§ **Try it**: Begin your copy at the line with "1aa3fe9356b5 Thermidor Vintage" in the records below and end it at the line with "7faa95eaabdd Vans OTW", restating each line word for word; omit the pictures.

§ **Exercise data**:
-------------------------

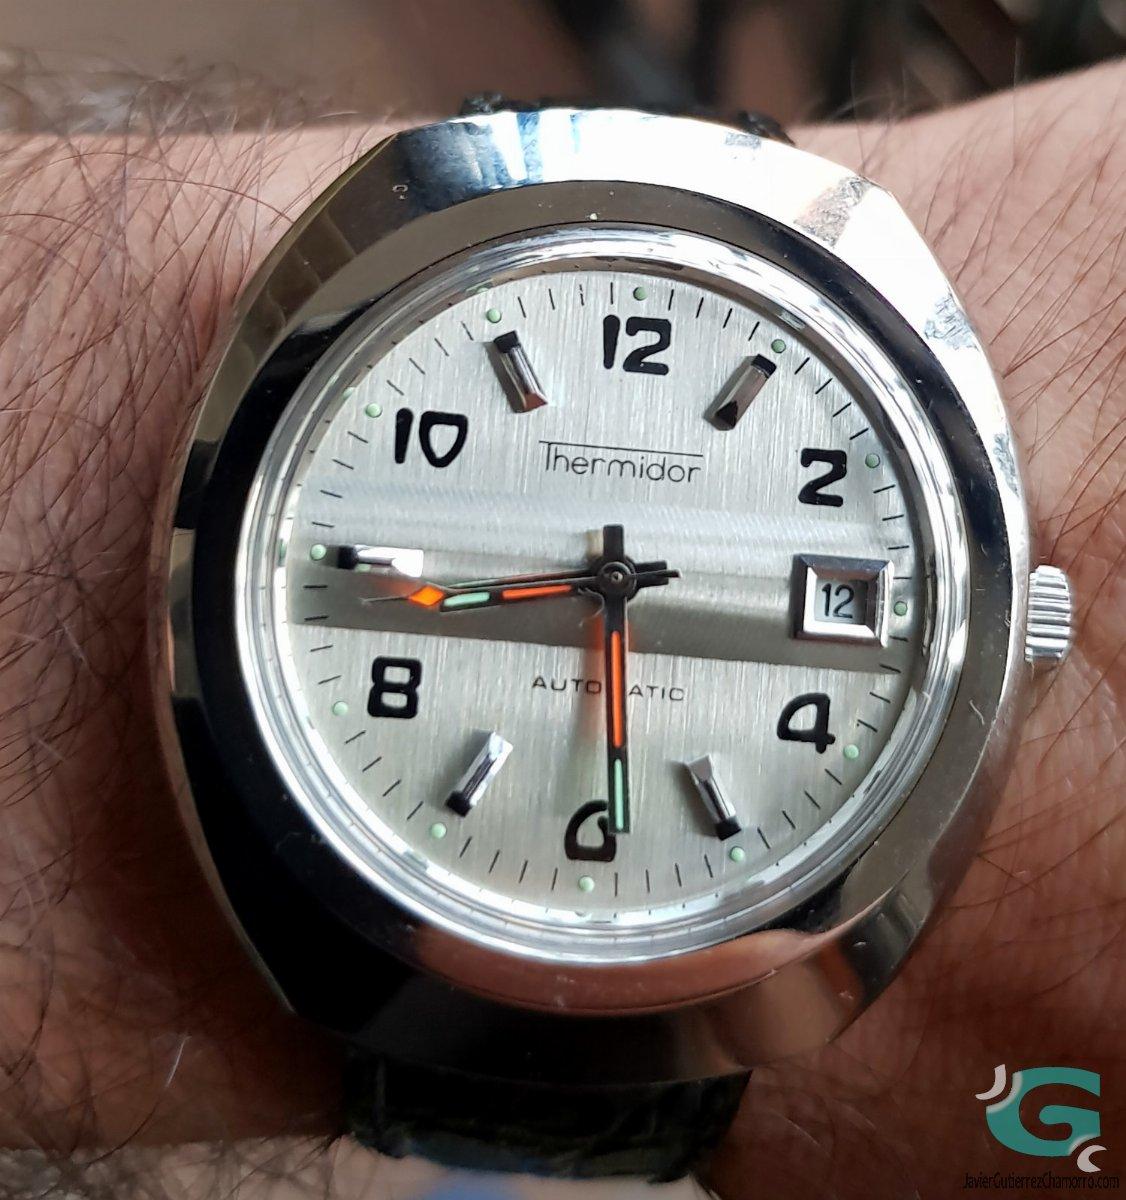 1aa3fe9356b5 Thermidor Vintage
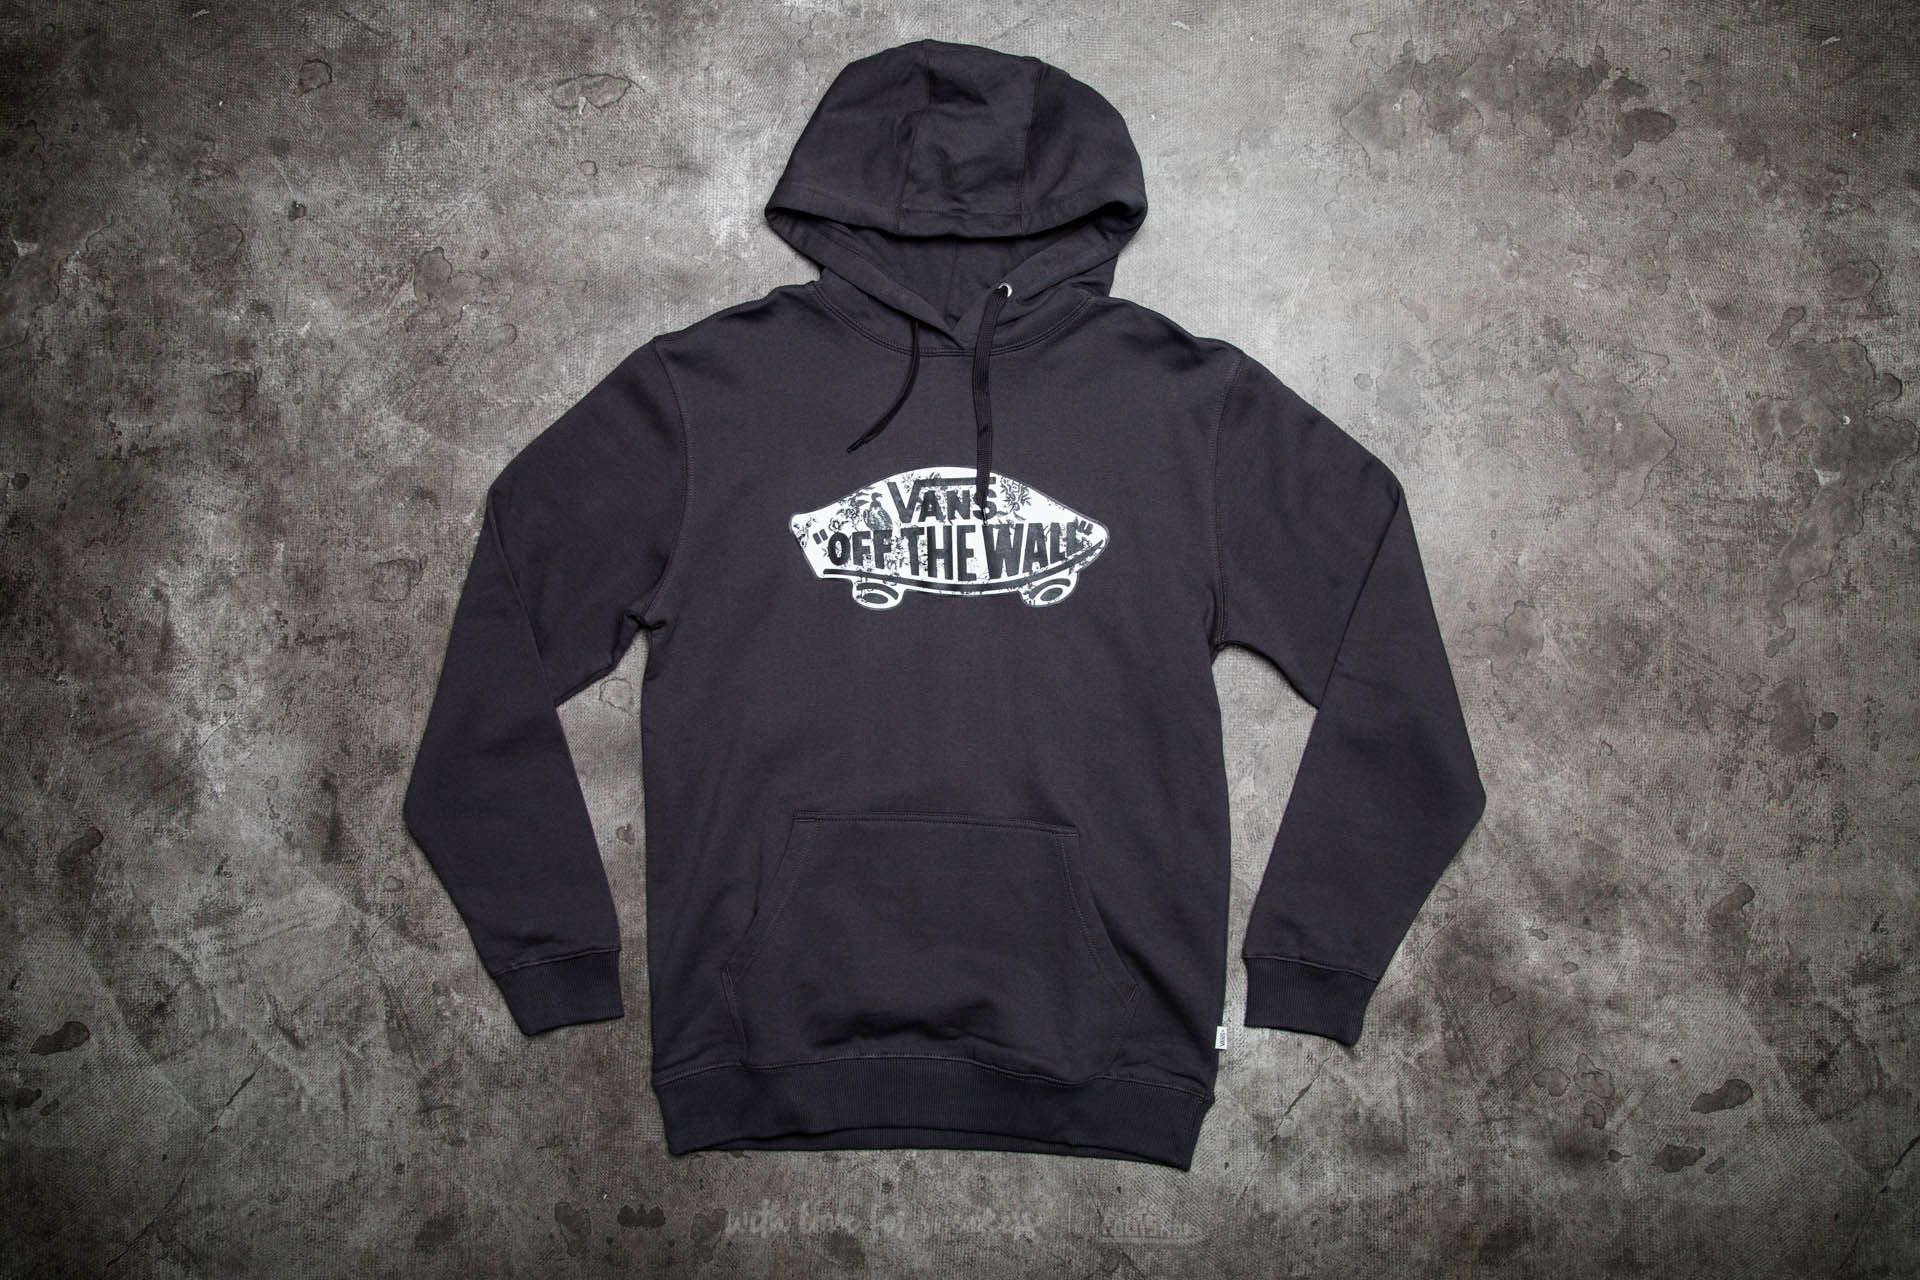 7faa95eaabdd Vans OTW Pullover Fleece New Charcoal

-------------------------

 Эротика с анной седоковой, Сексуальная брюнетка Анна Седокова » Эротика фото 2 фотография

-------------------------

§ **Response**:
 1aa3fe9356b5 Thermidor Vintage
 7faa95eaabdd Vans OTW Pullover Fleece New Charcoal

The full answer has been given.